Since then, Asia has become a global symbol for religious persecution, even garnering the support of Pope Benedict XVI and Hillary Clinton. But this means little to her husband and family, all of whom have been forced into hiding while waiting for Asia’s appeal to be heard in court. Meanwhile, two Pakistani government officials who came to her defense have been murdered. All because she refused to renounce her faith in Jesus.
Do we in the American church have any idea what this would be like? Or are we so removed from such suffering that we’ve forgotten the roots of our faith?
I’ll admit that I can easily become numb to this kind of persecution. It’s not that my heart is hardened and I’m immune to stories of persecuted believers. No, I still cry and ache and intercede for my brothers and sisters around the world each time I hear of them being ripped from their families, raped, robbed, burned, beaten or slaughtered.
The problem is that I’m part of the mass of American believers who have become so comfortable, fat and complacent with our First Amendment right to openly profess Jesus that we’ve lost touch with our own calling to be persecuted.

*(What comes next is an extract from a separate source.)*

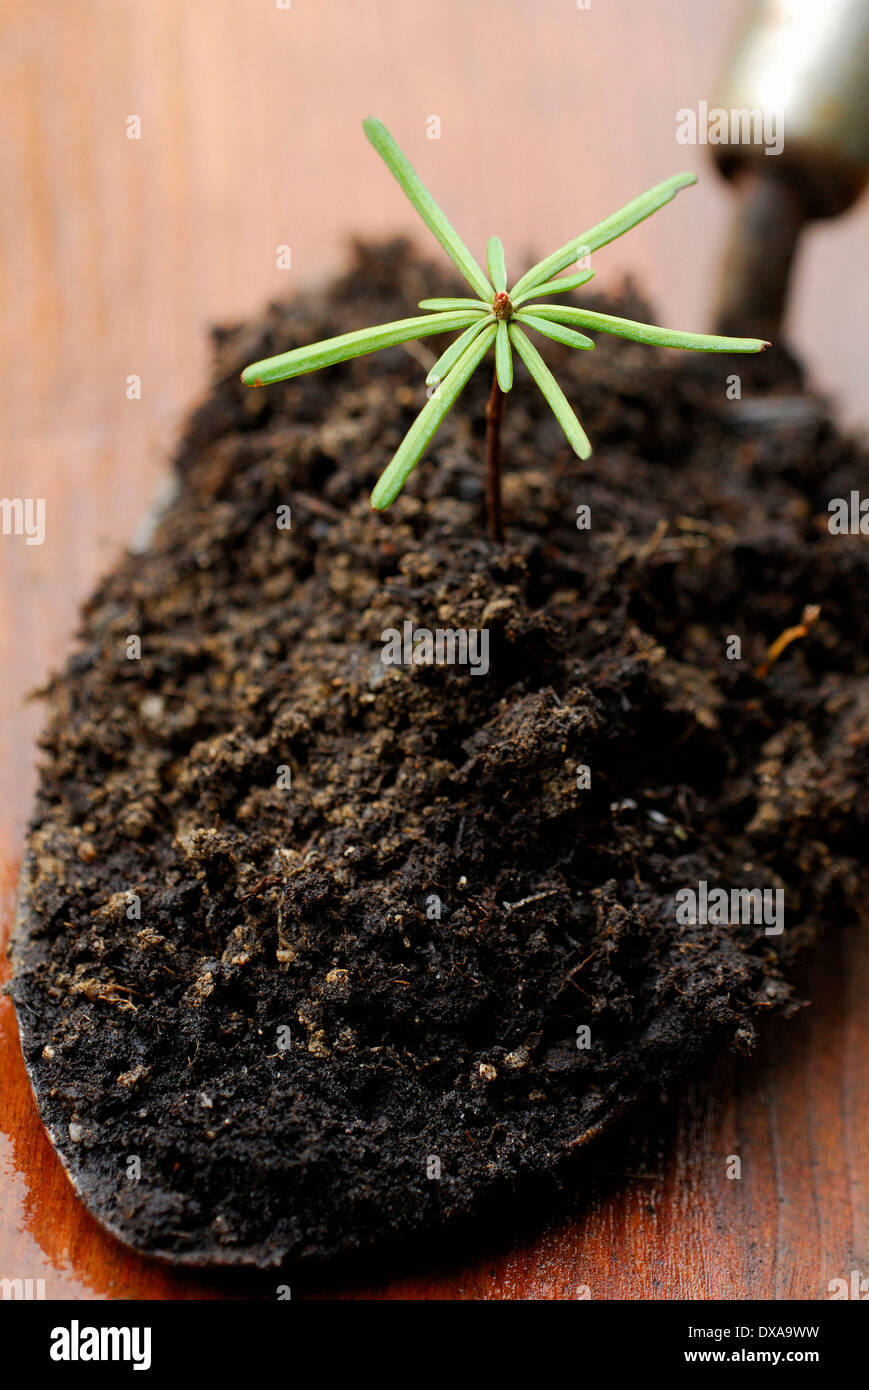 Spruce seedling - Stock Image
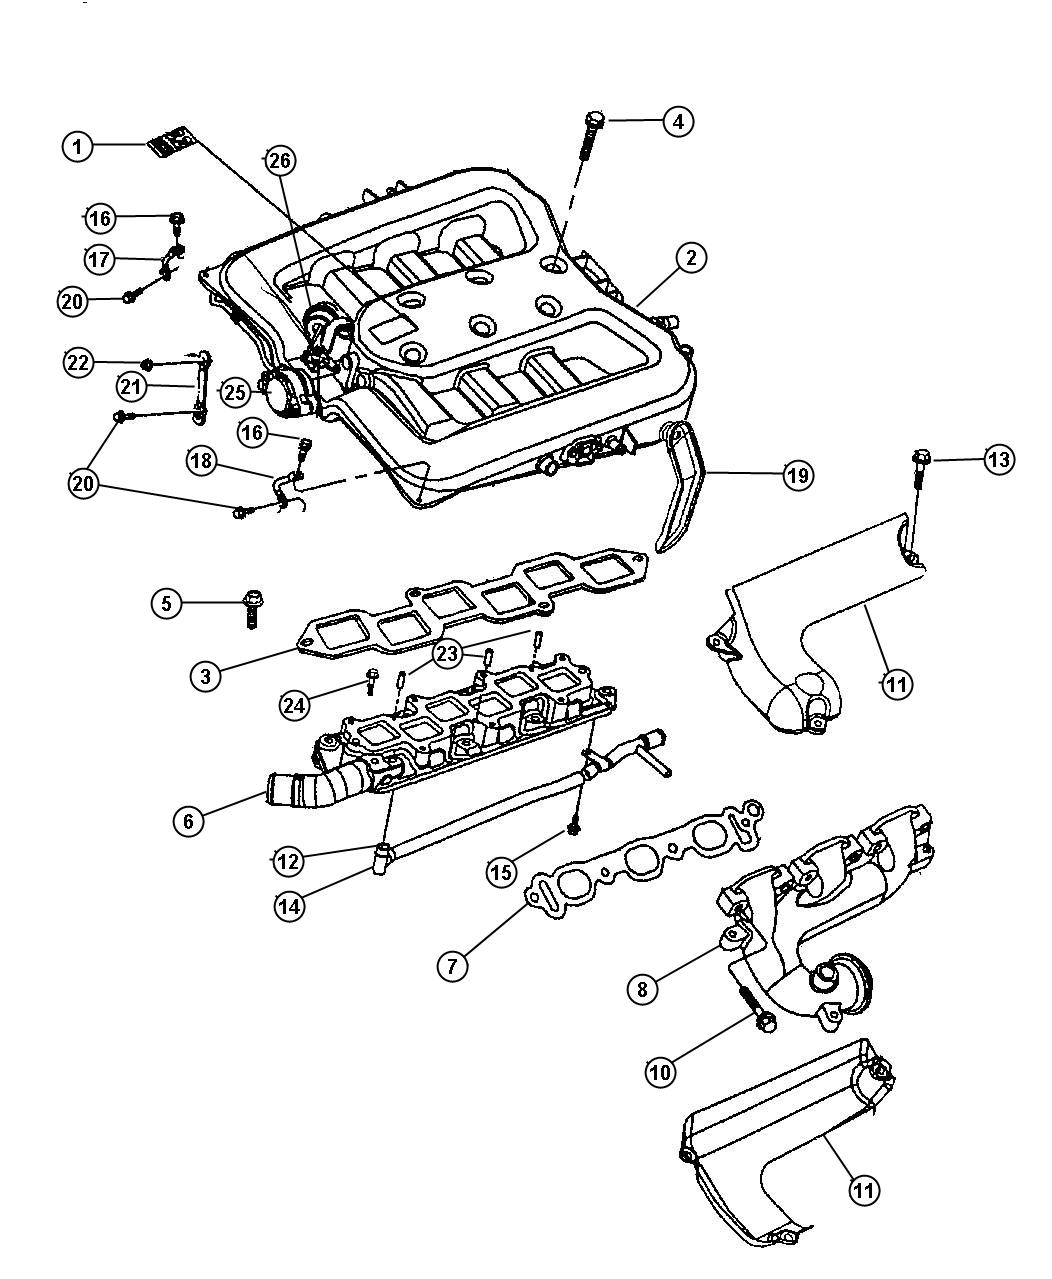 Chrysler 300 Actuator Manifold Tuning Valve Contains An

Jesus said, “Blessed are you when they revile and persecute you, and say all kinds of evil against you falsely for My sake” (Matt. 5:11). Notice He said when they persecute you, not if. Jesus continues this notion with a more direct promise in John 15:20: “If they persecuted Me, they will also persecute you.” And in 2 Timothy 3:12, the promise is spelled out again: “All who desire to live godly in Christ Jesus will suffer persecution.”
If you follow Christ, you will be persecuted. Period. So what happens if we’re not being persecuted now? Does that mean we’re not really following Christ?
That’s the question I’ve wrestled with in recent years as I’ve heard hundreds of stories of how the Holy Spirit is moving powerfully in places where the church is persecuted. At the same time, I’ve heard countless Christians lament the spiritual decline of America. Some declare we’ve been judged, some say we’re being judged, and yet others believe we can still turn things around if we follow the 2 Chronicles 7:14 blueprint. But what if all three are not only simultaneously true, they’re also inherently connected to Jesus’ promise to us of persecution?
History proves that the church thrives amid persecution. Despite each of the disciples’ gruesome executions (minus John, who was still persecuted), the church spread like wildfire. Fast-forward to the Martyr Period (a.d. 100–a.d. 314), when tens of thousands of believers—men, women and children—were fed to animals, torn apart, tortured, crucified and burned at the stake, and still the church flourished.
Even here in America, we can’t forget that persecution was the bedrock of our nation’s very existence. The pilgrims fled Europe to escape persecution and gain the freedom to worship Jesus as they desired.
Please understand, I’m not asking anyone to go agitate an unbeliever to the point that he or she starts “persecuting” you—just so you can prove that you’re truly following Christ. That’s silly.
But I am challenging us to once again lay hold of the promise Jesus gave us and relish its meaning—particularly in the context of our current freedom. Because after decades of living in relative luxury, believers are beginning to face more animosity from a increasingly godless culture. America’s intolerance for Christians is growing. Yet history—and even God’s current move around the world—proves that’s a good thing.